▸ **Record set**:

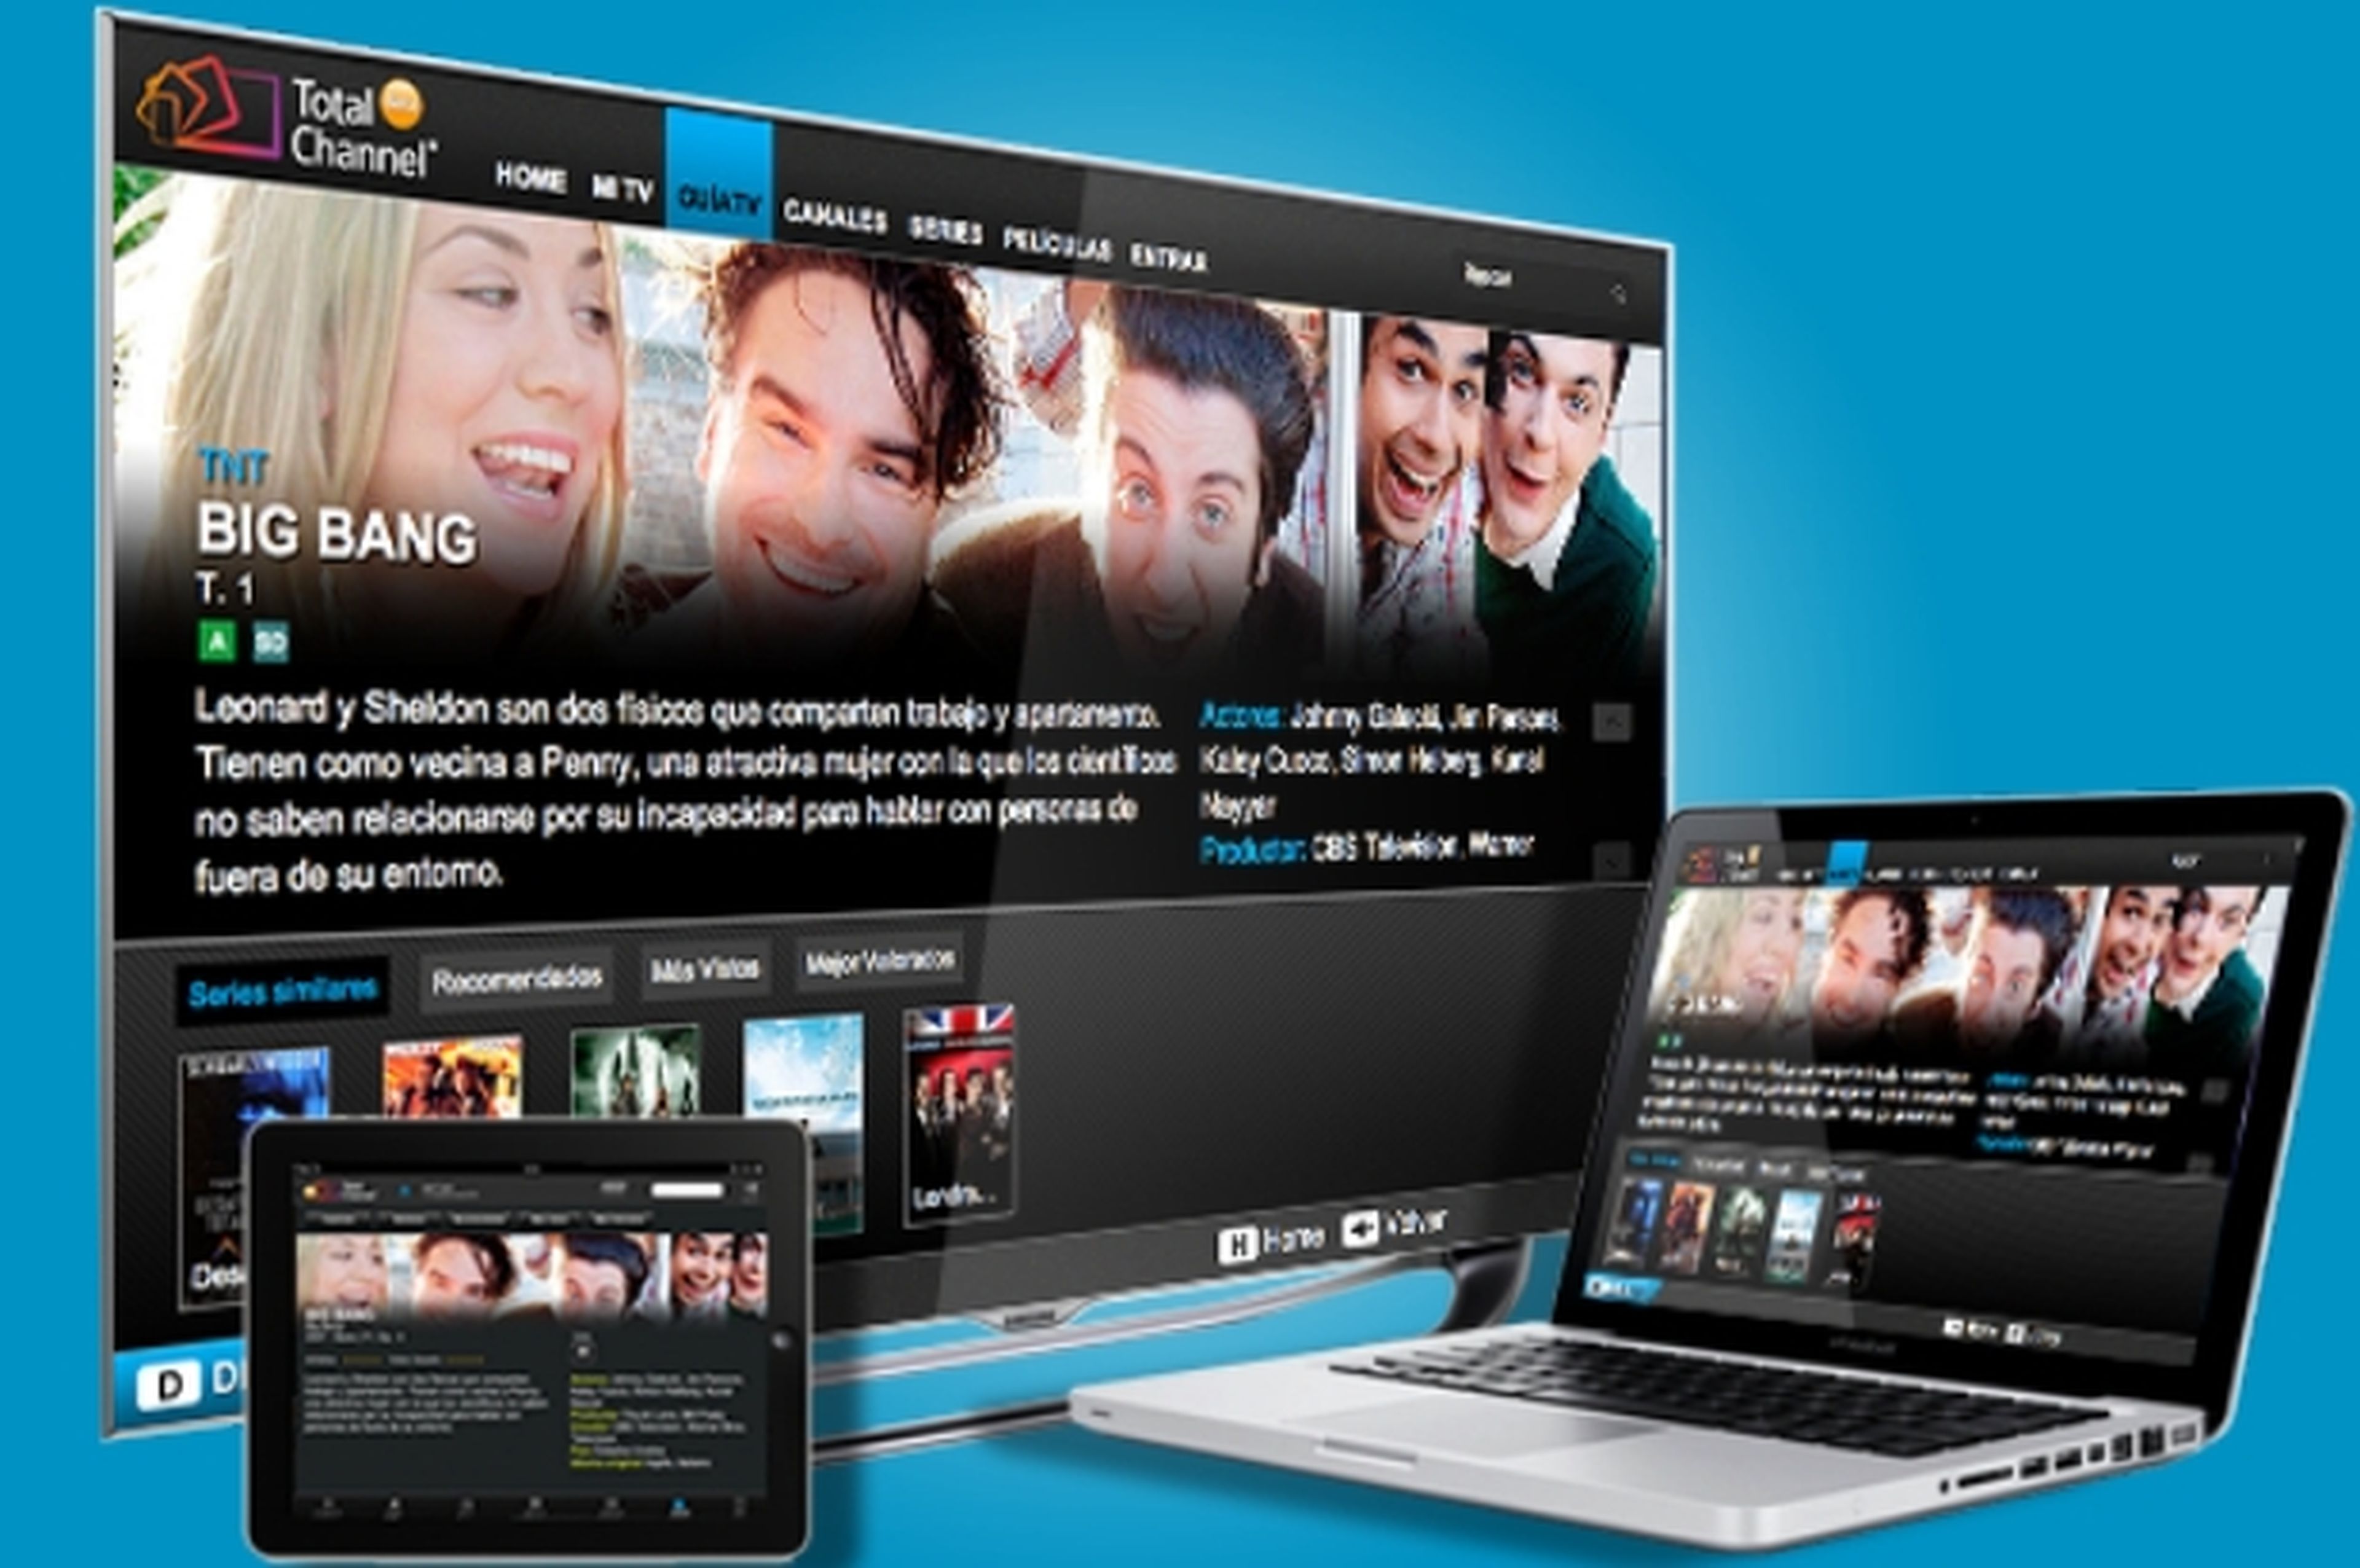 TotalChannel, la plataforma de televisión móvil
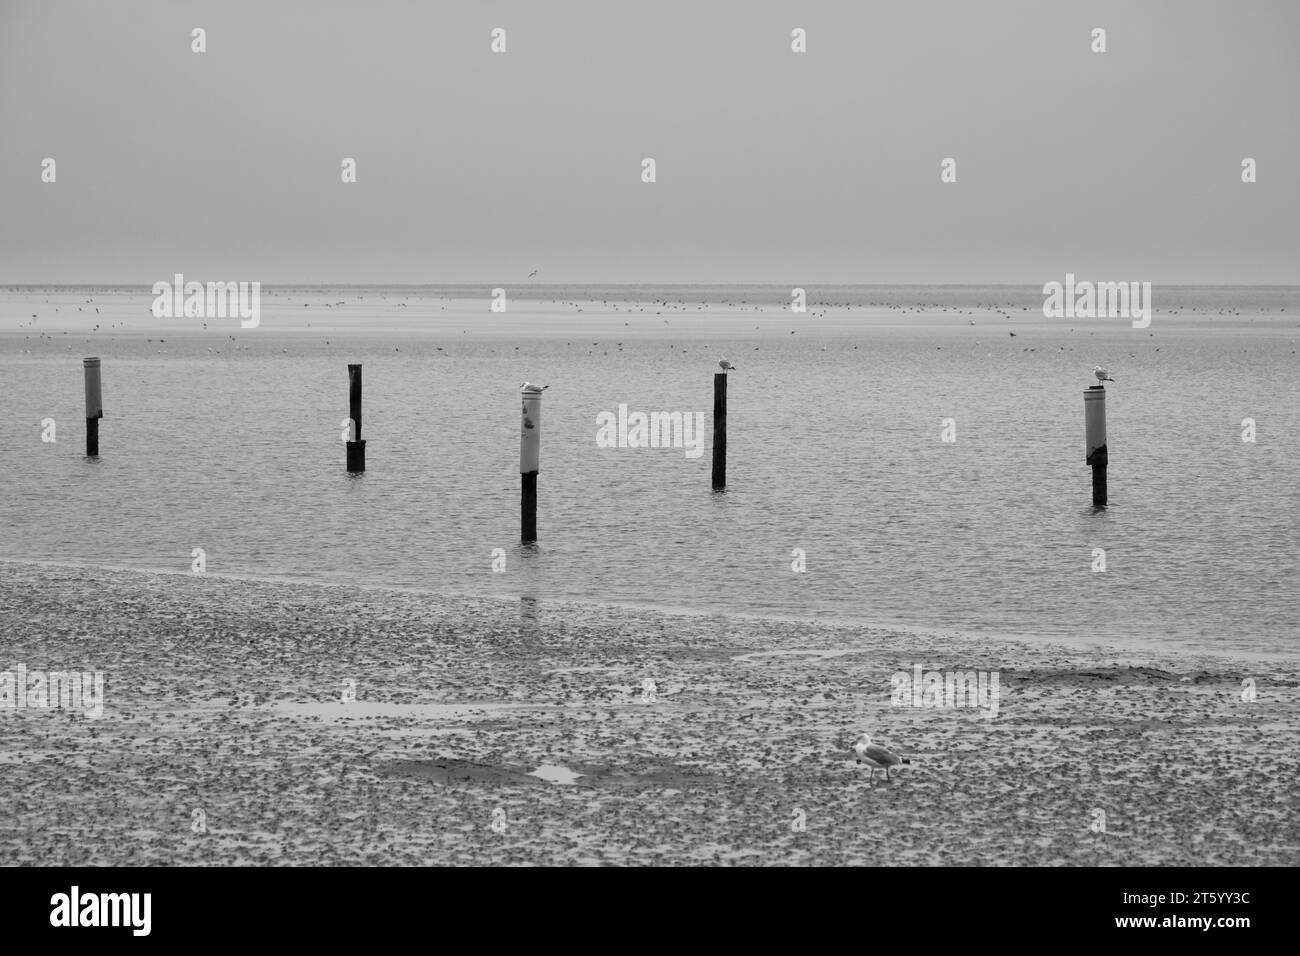 Gabbiani seduti su posti nel Parco nazionale del Mare di Wadden, bassa marea, Norddeich, Norden, Frisia orientale, bassa Sassonia, Germania Foto Stock
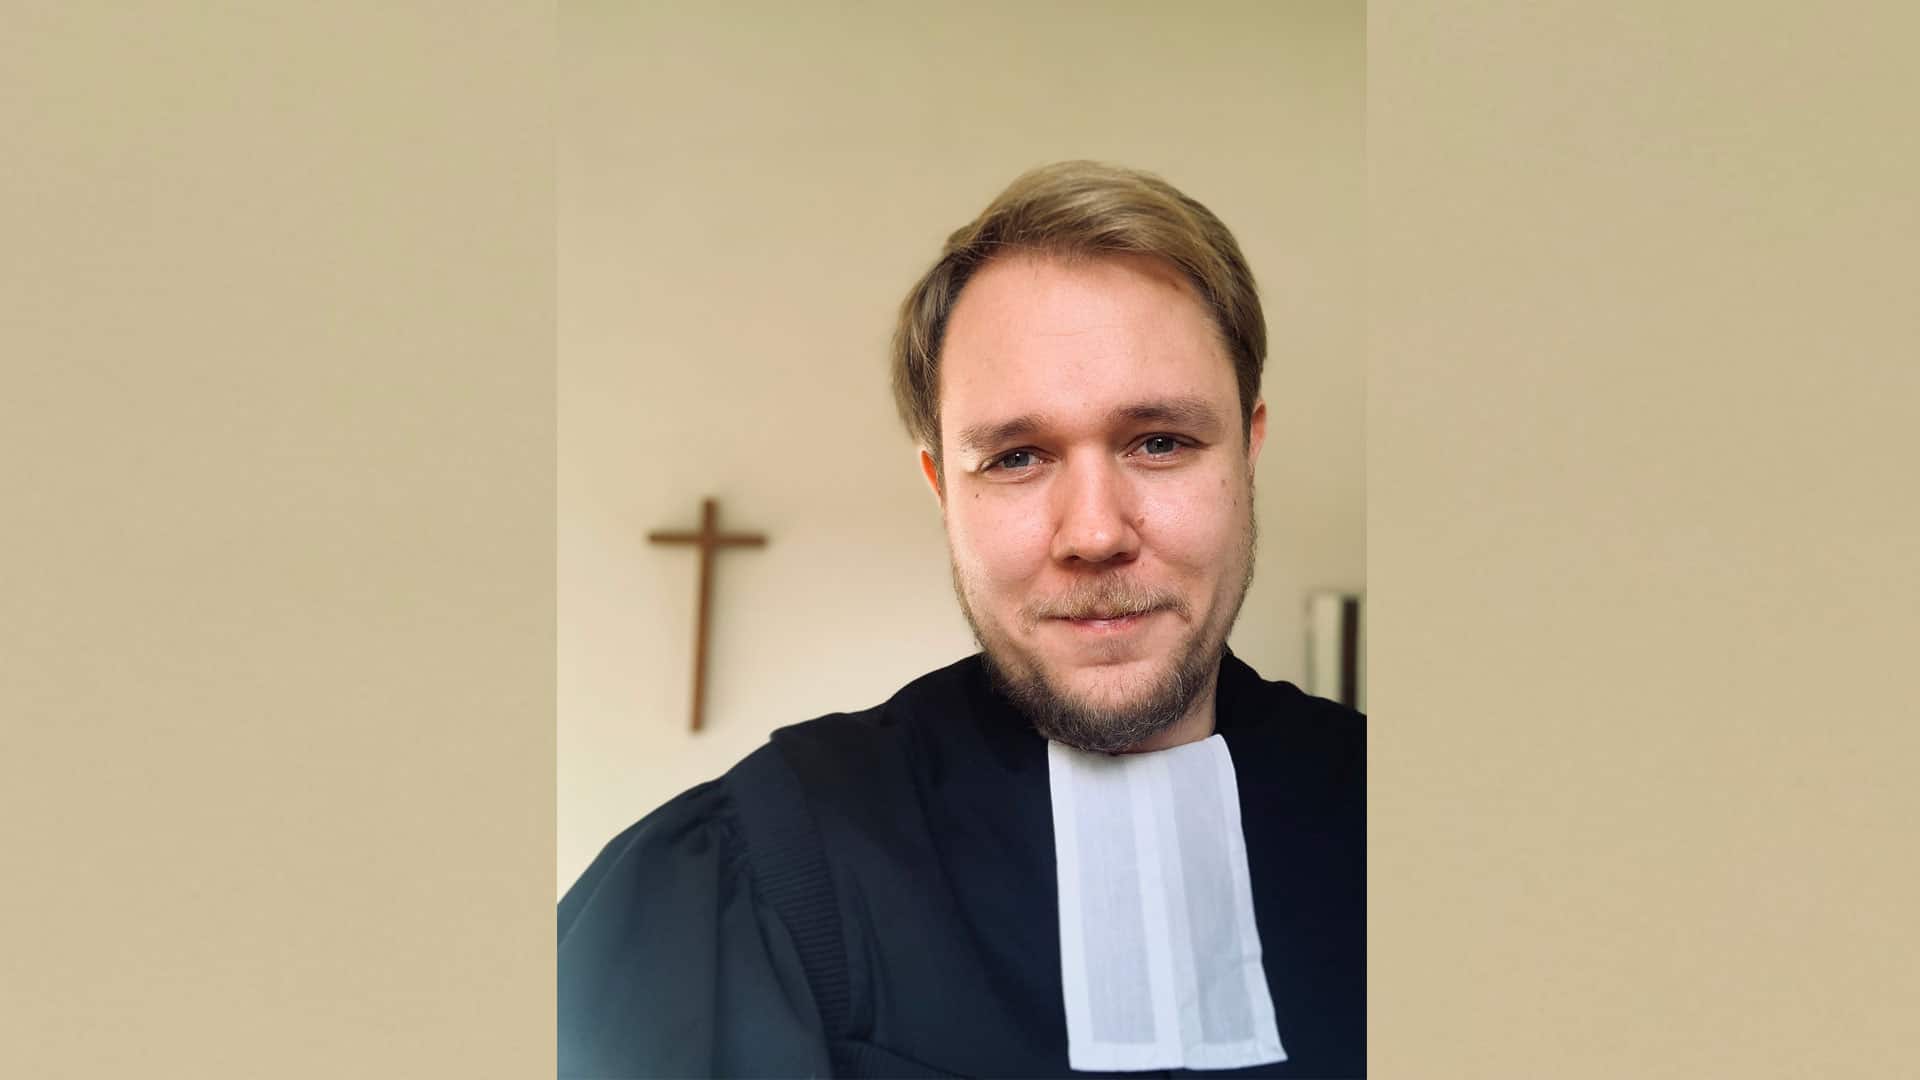 Pfarrer Nico Ballmann bietet auf seinem Instagram-Kanal unter anderem Andachten und einen Podcast an
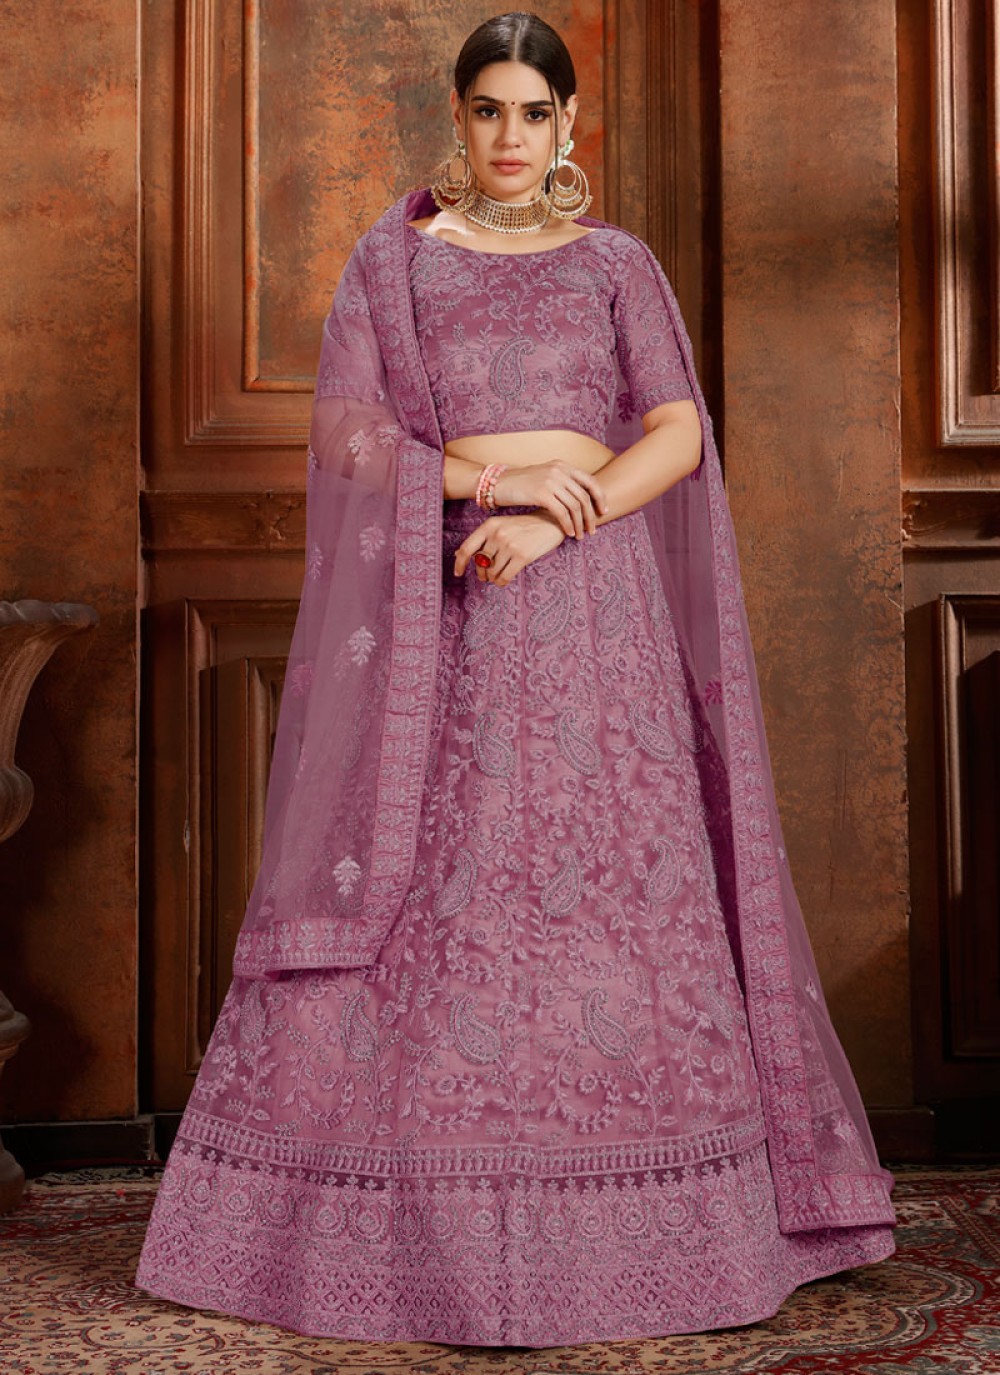 Details more than 161 violet colour lehenga best
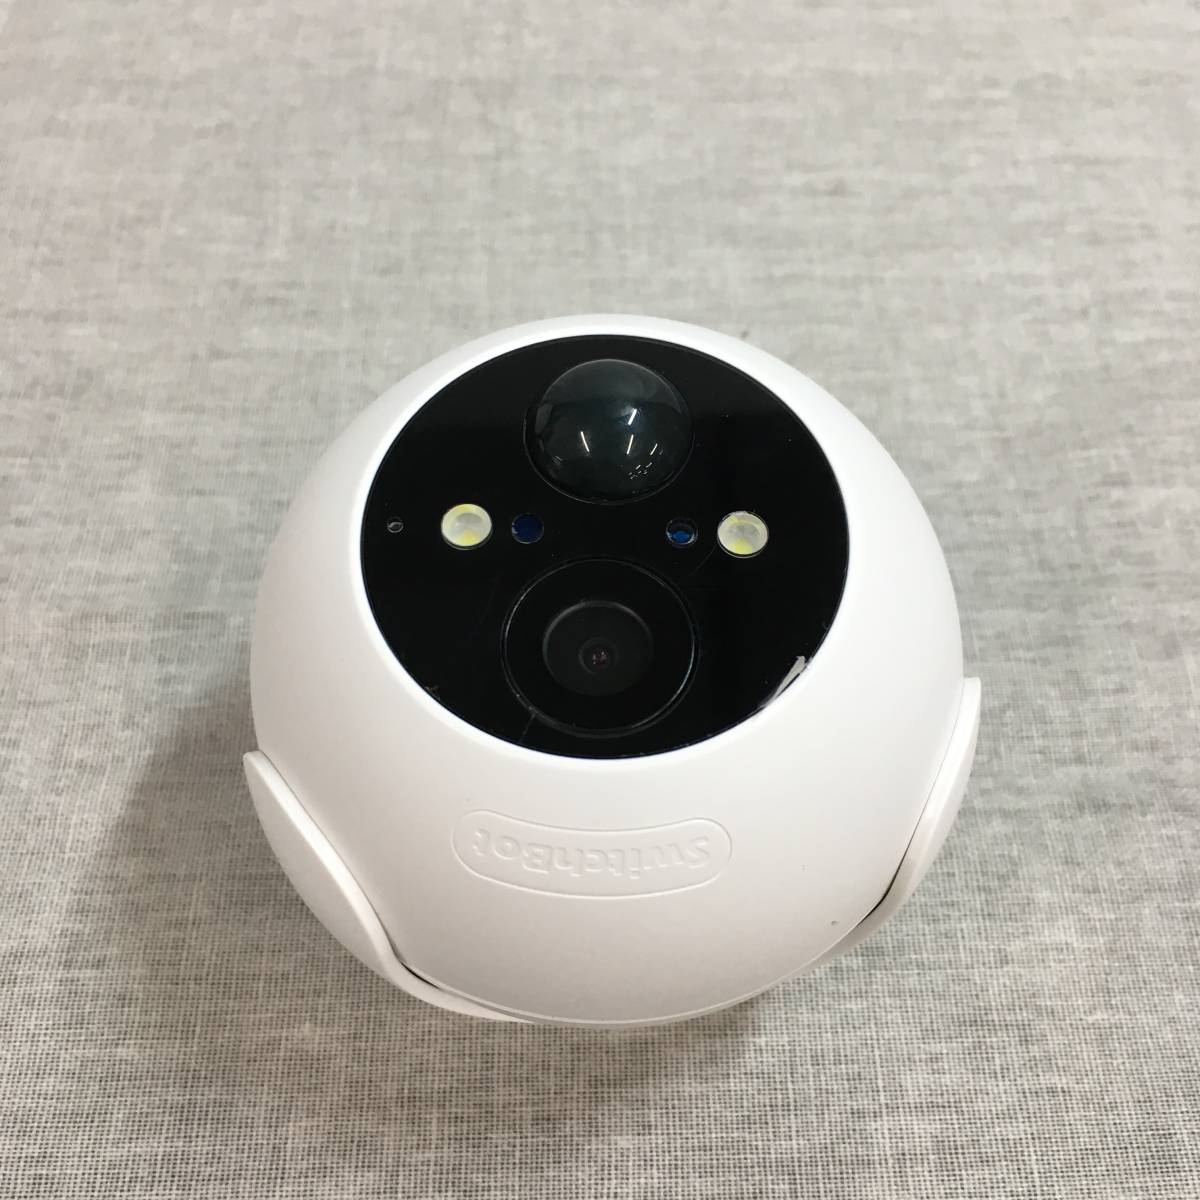 SwitchBot 防犯カメラ スイッチボット 屋外カメラ Alexa - 監視カメラ 電池式 10000mAh 大容量 1080p高画素 W2802000_画像2

▸ **Exercise goal**: Pictures stay out, and every line of the records is transcribed exactly.

▸ **Task result**:
 TotalChannel, la plataforma de televisión móvil
 Gabbiani seduti su posti nel Parco nazionale del Mare di Wadden, bassa marea, Norddeich, Norden, Frisia orientale, bassa Sassonia, Germania Foto Stock
 Pfarrer Nico Ballmann bietet auf seinem Instagram-Kanal unter anderem Andachten und einen Podcast an
 Details more than 161 violet colour lehenga best
 SwitchBot 防犯カメラ スイッチボット 屋外カメラ Alexa - 監視カメラ 電池式 10000mAh 大容量 1080p高画素 W2802000_画像2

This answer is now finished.